Despite being the most prevalent inflammatory rheumatic disease in those over the age of 50 years [8, 9], there is a distinct paucity of research published on PMR, compared with other rheumatological conditions. This is largely because in the majority of countries PMR is diagnosed and managed in primary care, with only a minority of cases referred for specialist evaluation [10]. However, over the past decade, there has been increased awareness of the diagnostic challenge that PMR presents, and of the potential morbidity and disability associated with both the disease, and the immunosuppression required for its management. The 2010 British Society of Rheumatology recommendations for the management of PMR advised specialist review of PMR patients with both atypical presentations and treatment-resistant disease/glucocorticoid contraindications [11]. The international GCA/PMR study group has recently advised that all patients with suspected or recently diagnosed PMR should be considered for specialist evaluation [12]. A Delphi exercise by PMR specialists included the recommendation for primary care to undertake a thorough history and clinical examination with basic laboratory investigations and for those with severe symptoms to be seen in a rapid access clinic, preferably with deferral of glucocorticoid therapy. Despite all this guidance, referral to secondary care only occurs in a minority of cases with an incomplete response or treatment-related adverse events. Few centres offer an early referral pathway, mainly due to capacity issues. Our objective was to assess the effectiveness and clinical impact of a newly established multicentre fast-track clinic to diagnose PMR. Our secondary objectives were to better define both patient and disease characteristics in those newly diagnosed with PMR in the community to inform future planning of rheumatology services.

Methods

Design and study population

This multicentre prospective longitudinal cohort study was conducted at the Rheumatology Departments in St James Hospital and Tallaght University Hospital, Dublin, Ireland. Primary care physicians in our catchment area with a population of 600 000 were invited to refer patients over 50 years with suspicion of new PMR to our fast-track clinic. Referral criteria included new-onset bilateral shoulder or pelvic girdle pain with elevated inflammatory markers and/or early morning stiffness. Primary care physicians were advised that patients should ideally be steroid naïve, or at least on steroid therapy for <1 month. Referrals were accepted via e-mail to a dedicated PMR clinic address, along with the patient’s history, laboratory results and contact details. The patients were contacted by telephone on the same working day with an appointment time arranged within 72 hours. All patients with a diagnosis of PMR on glucocorticoids for <4 weeks at the time of referral were followed up at 1-month, 3-month, 6-month and 12-month time points. All diagnoses of PMR were confirmed at 12 months.

Fast-track PMR clinic

All patients referred to the fast-track clinic underwent a thorough history, clinical examination and extensive laboratory evaluation. A diagnosis of GCA, and other PMR mimics were actively sought. Baseline ESR, CRP, full blood count, liver profile and renal function were recorded. Additionally, each patient underwent ANCA, CTD, RF, anti-CCP, creatine kinase and extended myositis panel testing. Plain film radiographs of the shoulders were completed in all patients. The diagnosis of PMR was a clinical one, made in agreement by two rheumatologists. All patients diagnosed with PMR were assessed with vascular US of their temporal and axillary arteries.

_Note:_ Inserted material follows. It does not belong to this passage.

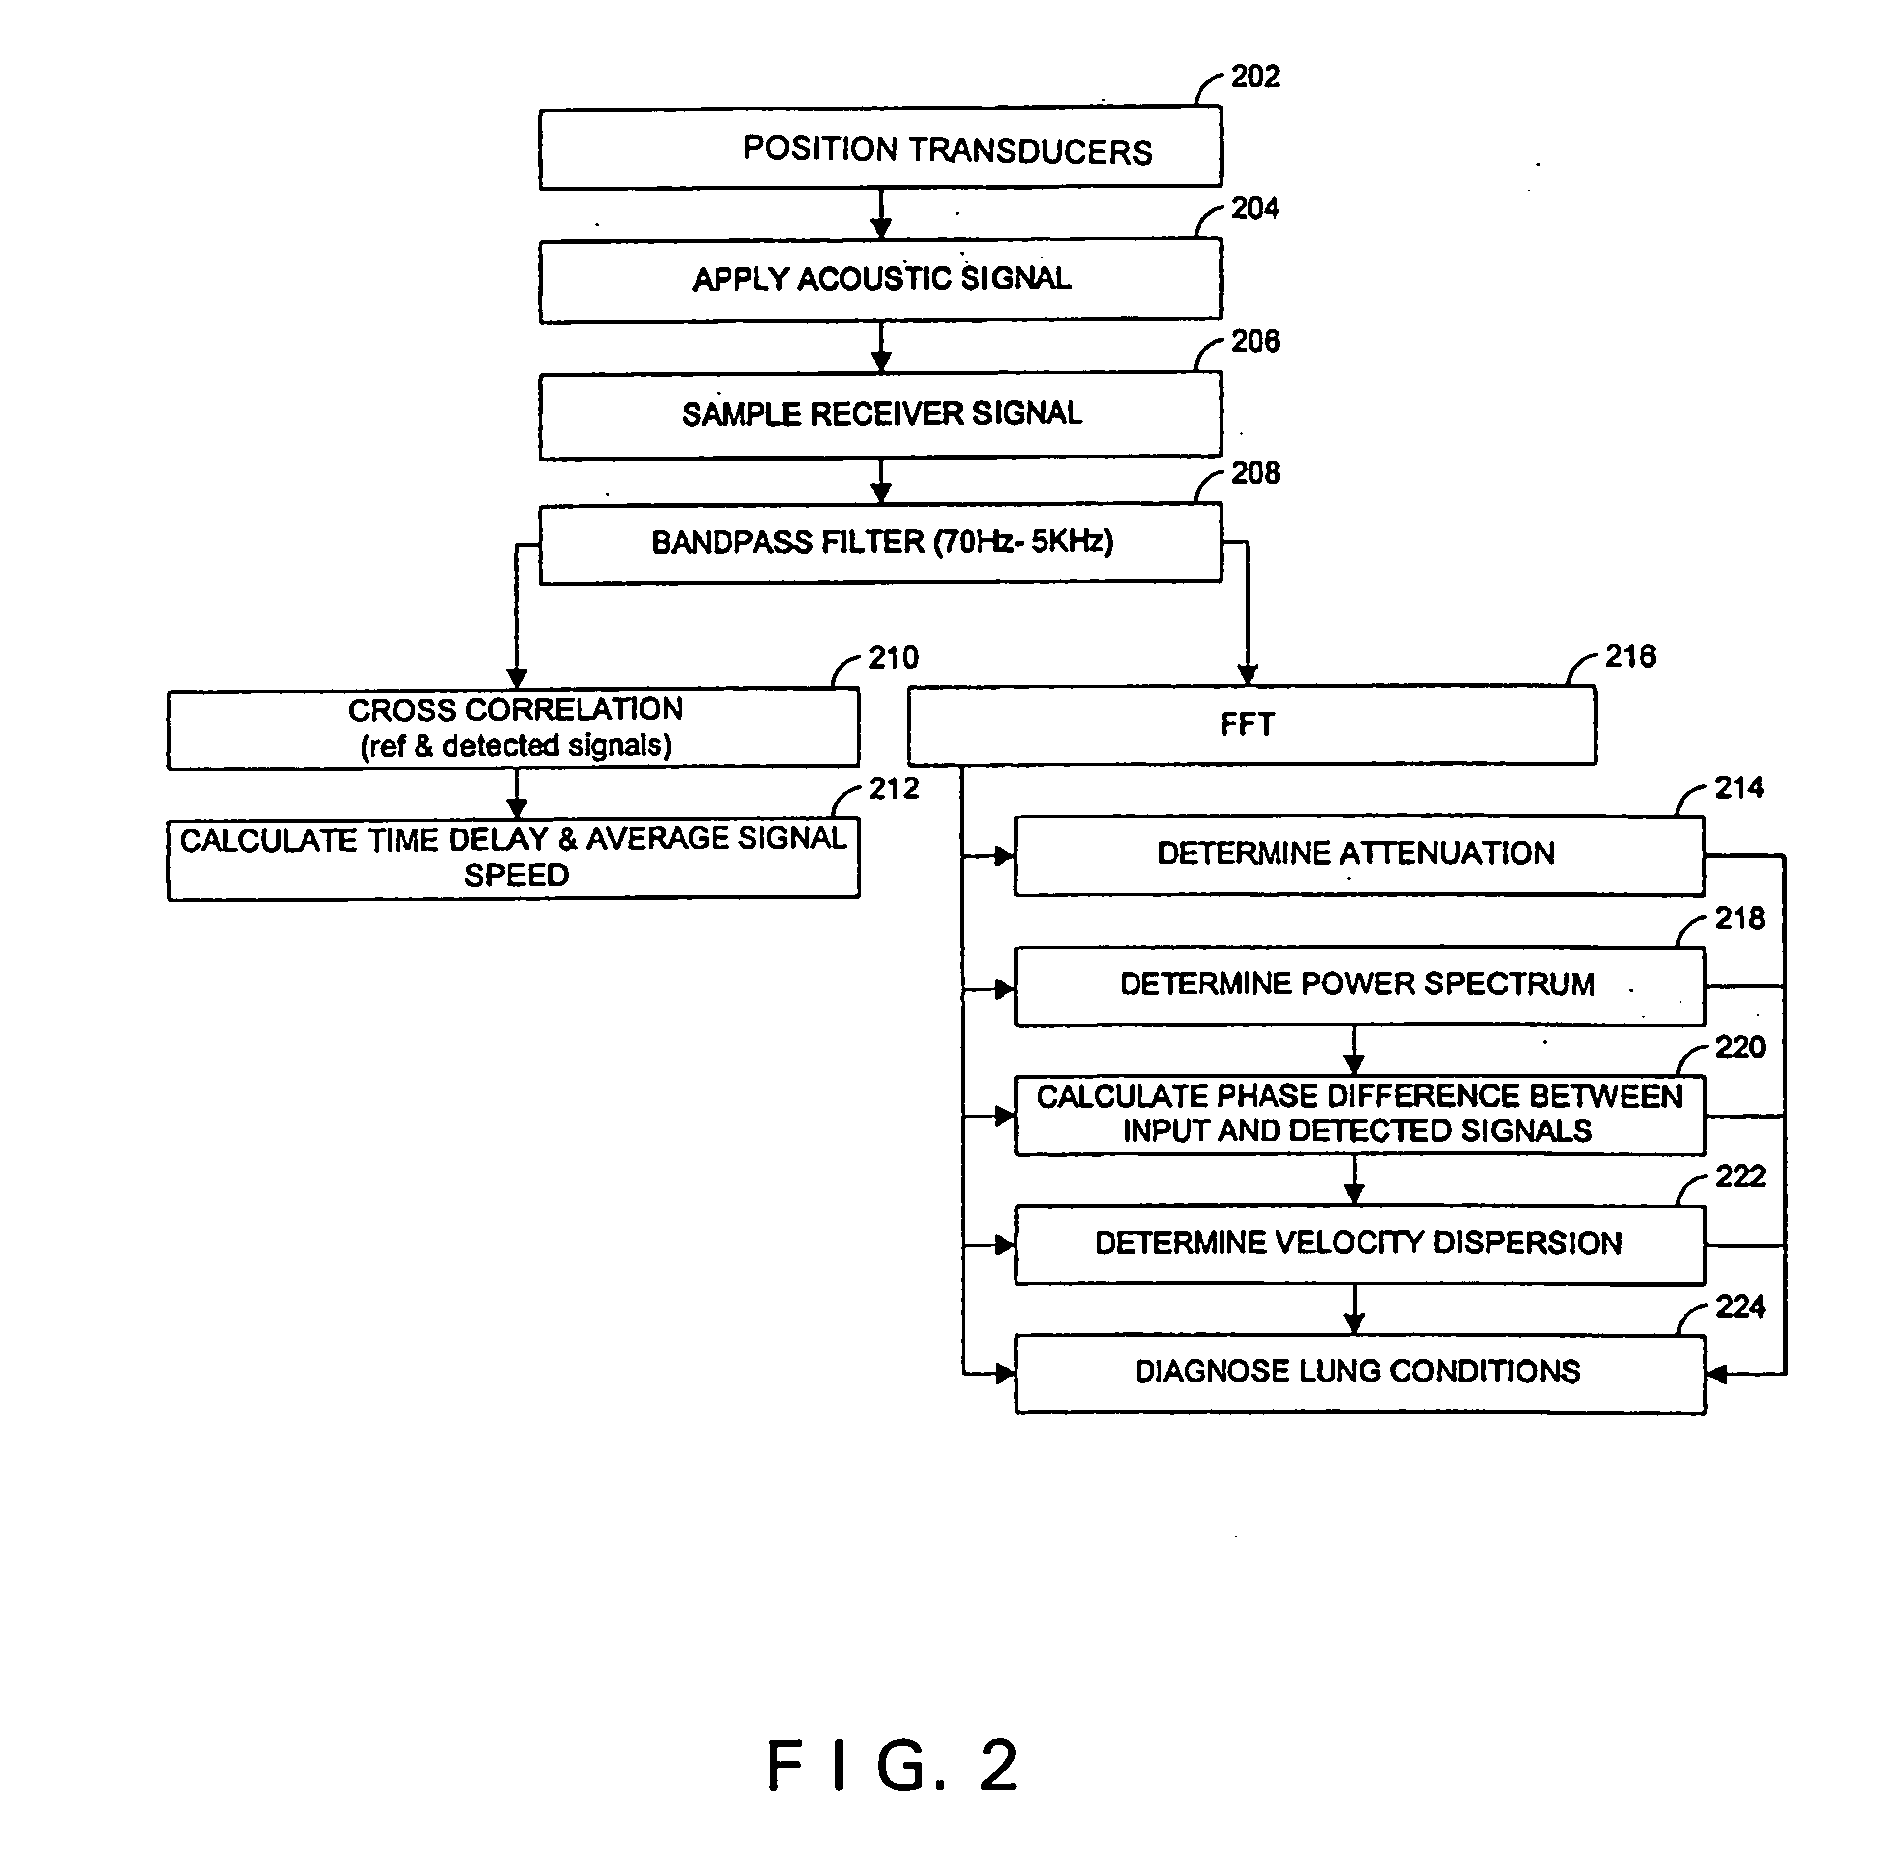 Devices and methods for tissue analysis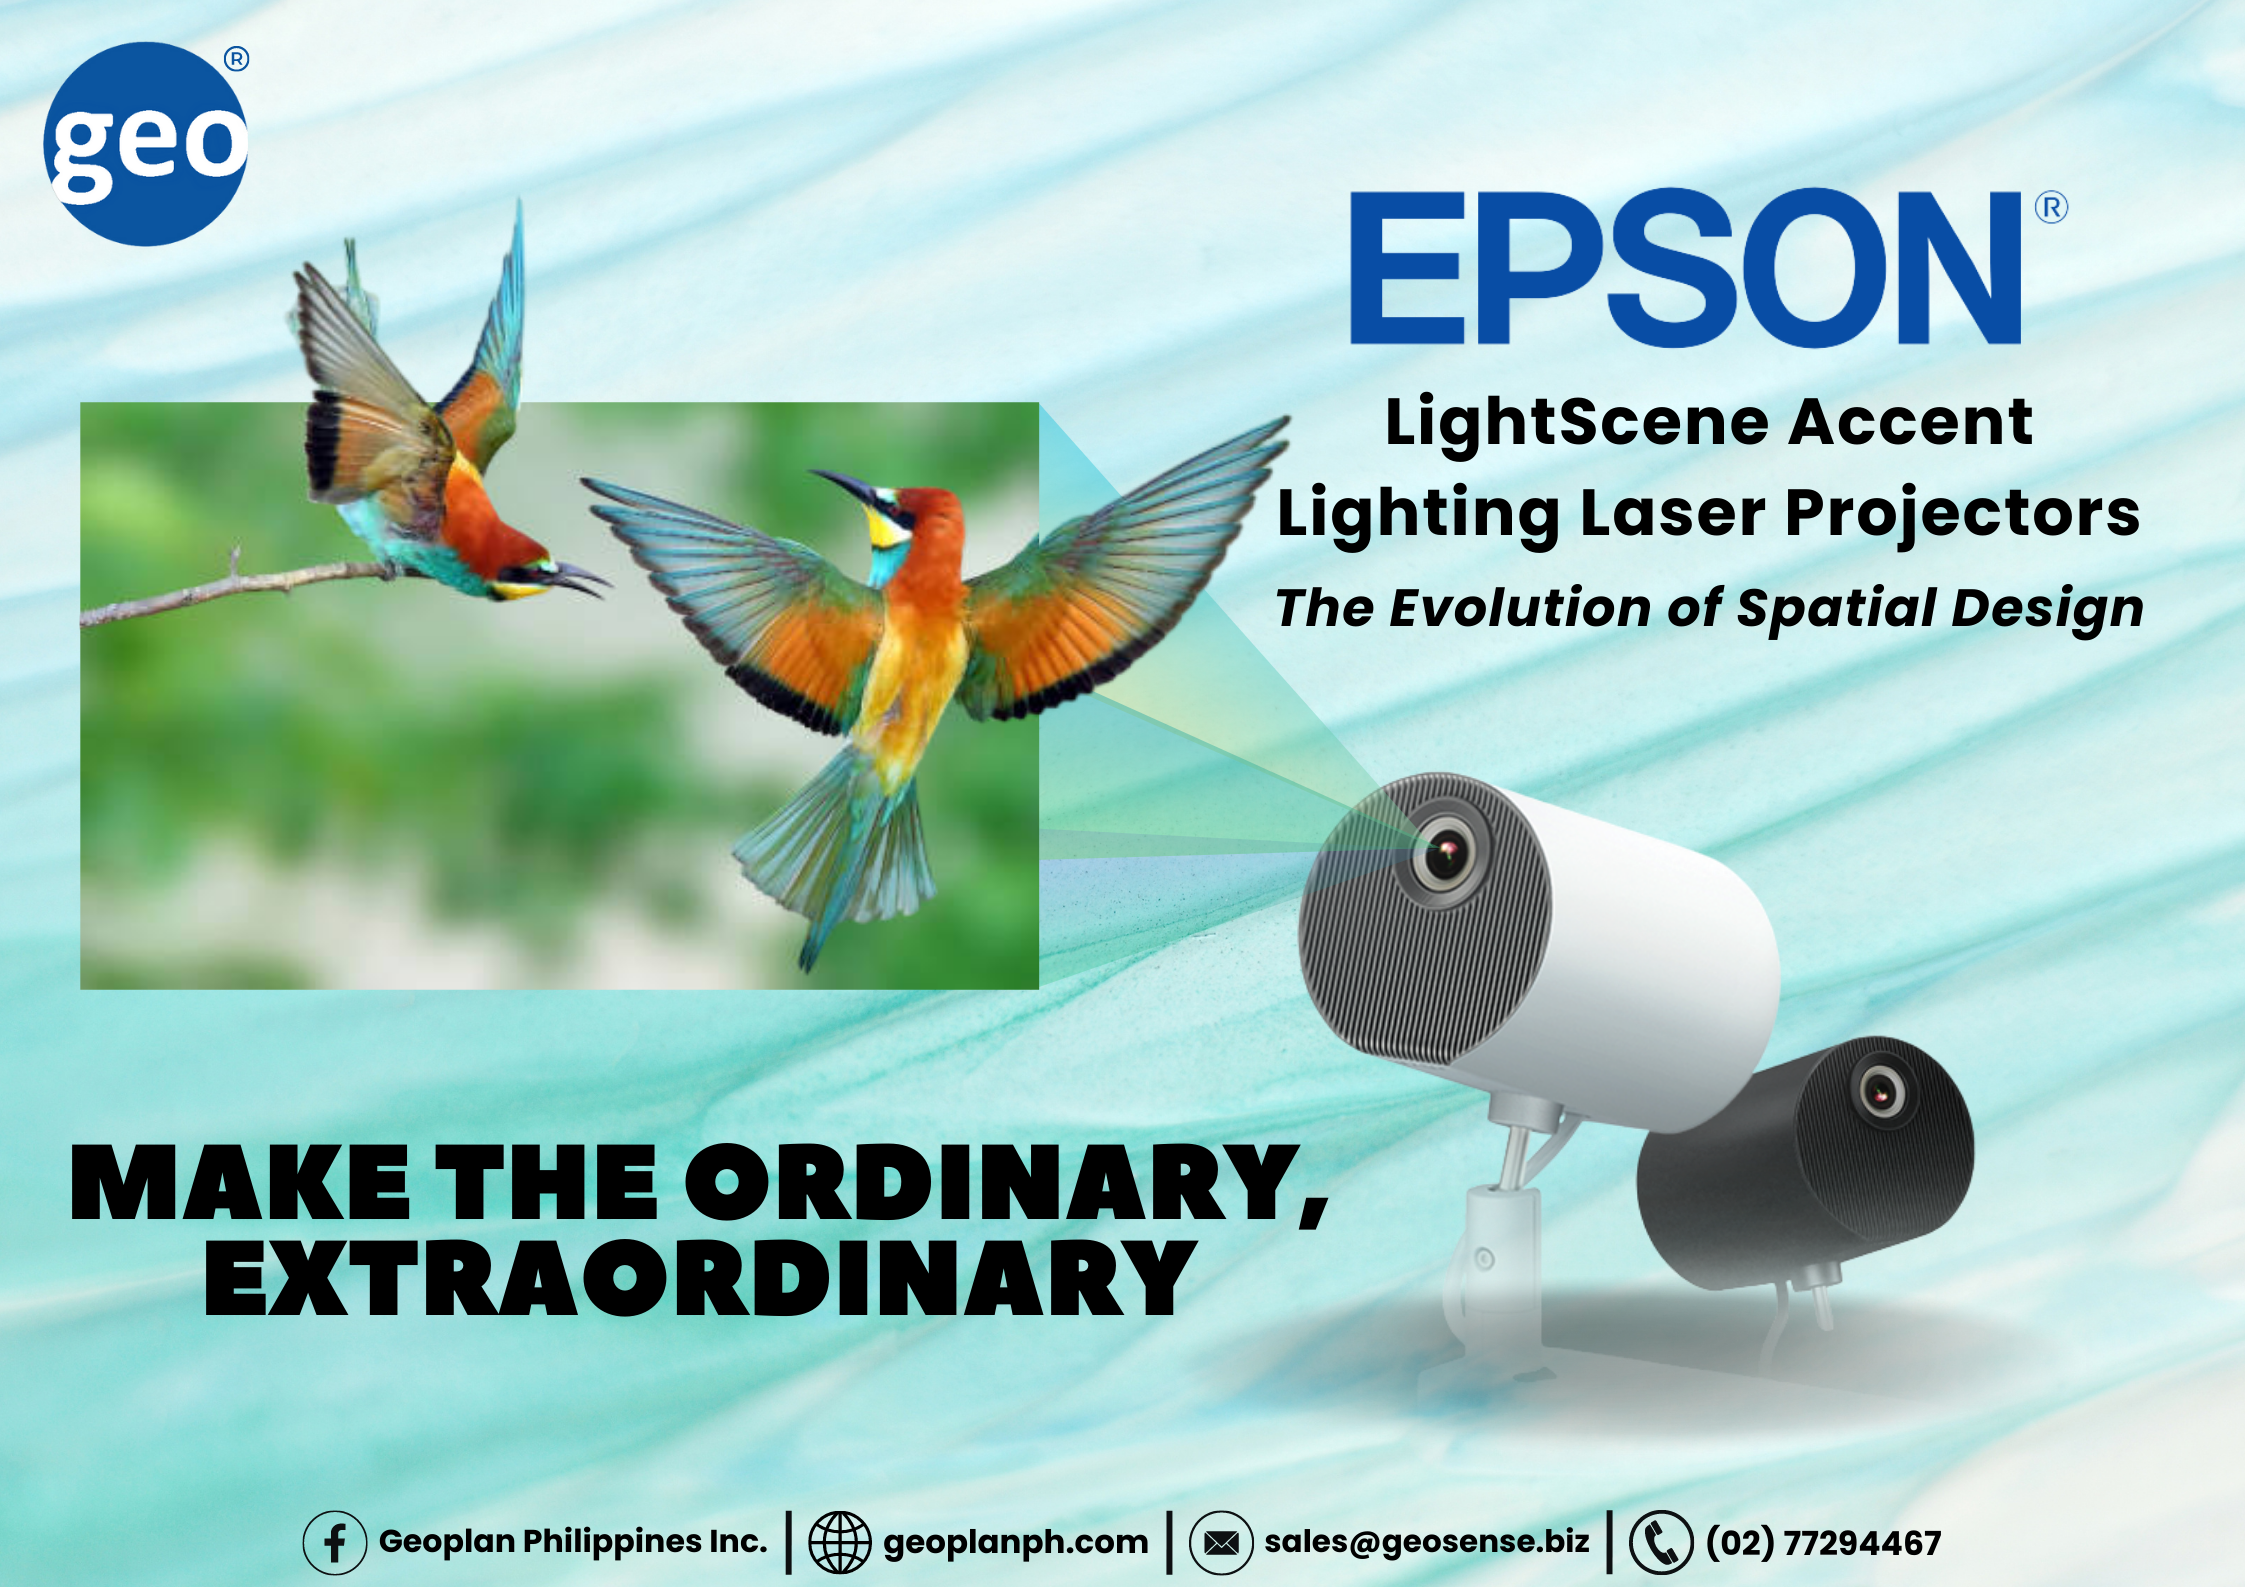 EPSON: LightScene Projector- Creating Ordinary Spaces Into Beautiful Environments

US of all six branches of the superficial temporal arteries and both axillary arteries was performed using a GE P9 device. Sonographic abnormalities considered indicative of vasculitis in the temporal arteritis included the halo sign with a thickened, non-compressible intima-media complex. Cut-off values of ≥0.29 mm for the parietal branch, ≥0.34 mm for the frontal branch and ≥0.42 for the common temporal branch were used [13]. In the axillary arteries, the presence of a halo sign, and an intima-media thickness of >1.0 mm was considered positive. This has been shown to have 100% sensitivity and specificity in the common, frontal and axillary branches, and 97.2% sensitivity and 98.8% specificity in the case of the parietal branch [13]. A subset of patients with a clinical diagnosis of PMR had an US of their bilateral shoulder joints. These patients were selected at random and included both patients with isolated PMR and subclinical GCA in PMR.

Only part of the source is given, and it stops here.